On her phone, through the blockchain and BanQu, she gets to know that her one acre of land can help her produce 100 kilos of corn for which she has a buyer (the U.N.), even if the harvest is a few months away.
If you dry the corn to 13 percent moisture content, the price of corn doubles. With BanQu’s technology, the mother has an identity. She owns a piece of land, has a produce forecast and a buyer. That buyer will now allow her to get collateral to get a dryer so she can dry her corn. All that becomes part of her history.
The blockchain has given her an identity created by her transaction history. She can now borrow as lenders can see that she has a piece of land, a microloan, a harvest, a dryer and that she is selling them at market price. If that Rwandan woman farmer has her identity in the blockchain and she has gone through three farming cycles, the lender would not charge her 30 percent on $100 but would charge her 4 percent on $100 because she has a history.

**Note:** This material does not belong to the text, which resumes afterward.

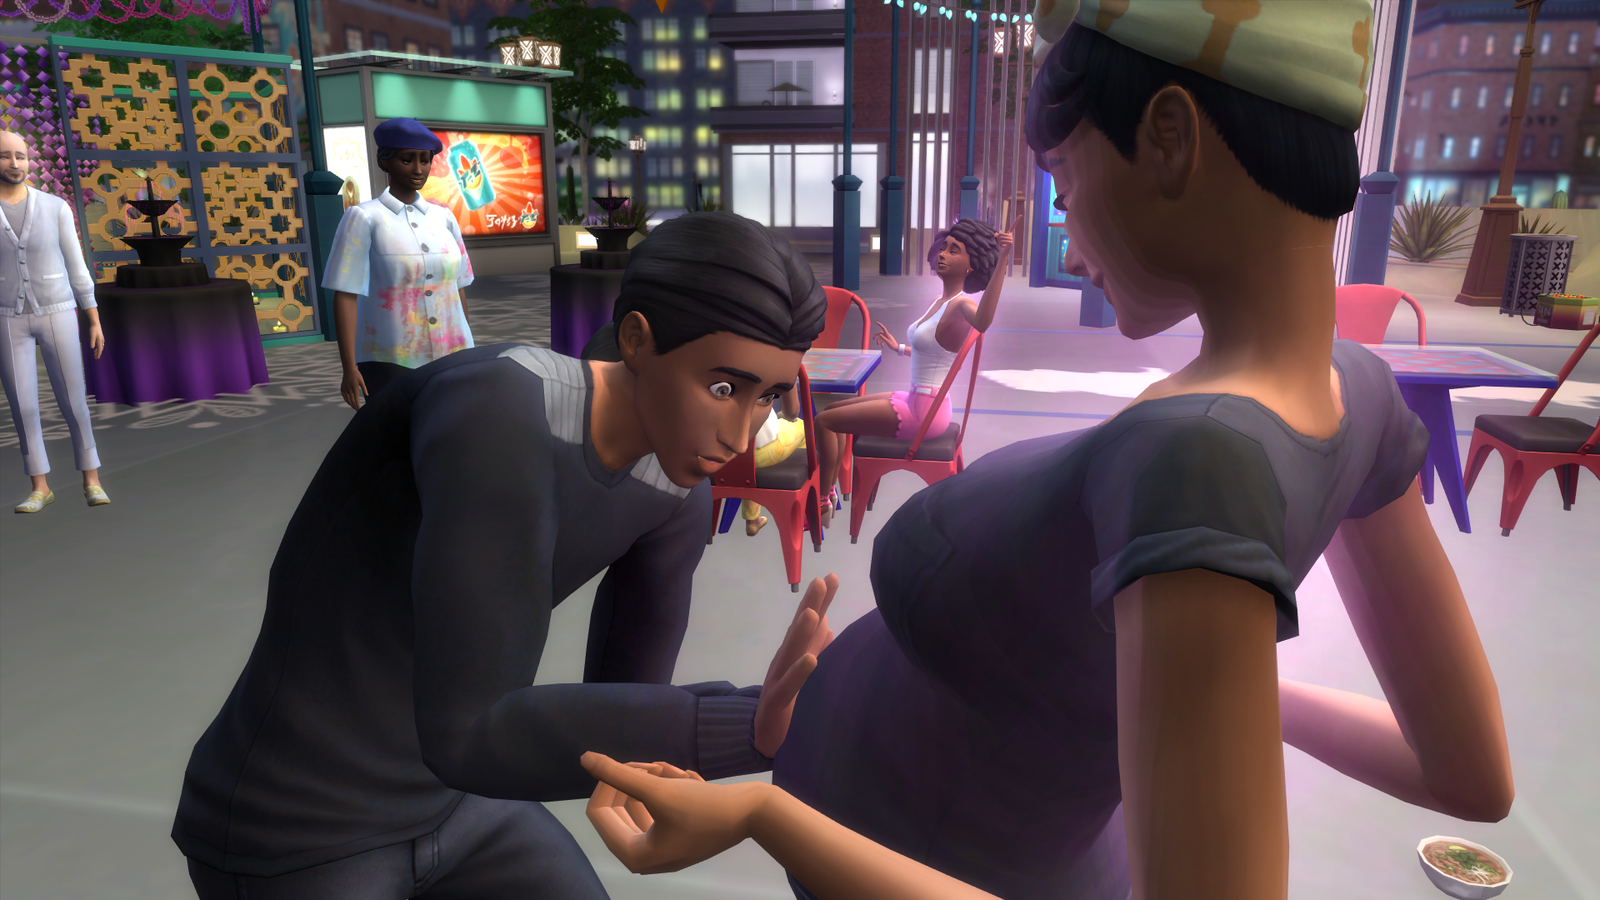 You can get The Sims 4 for free on PC right now

For me, this raises the question as to whether too many modern-day financial services have too high qualification requirements. These requirements effectively alienate up to 2.7 billion people. If this is true, there are plenty who could learn from platforms like BanQu.
As with the majority of Fintech use cases of the blockchain, this is still in its early stages and is yet to be proven as a viable business model. If BanQu can prove itself to be just that, then there’s nothing stopping it from potentially creating yet another leapfrog moment.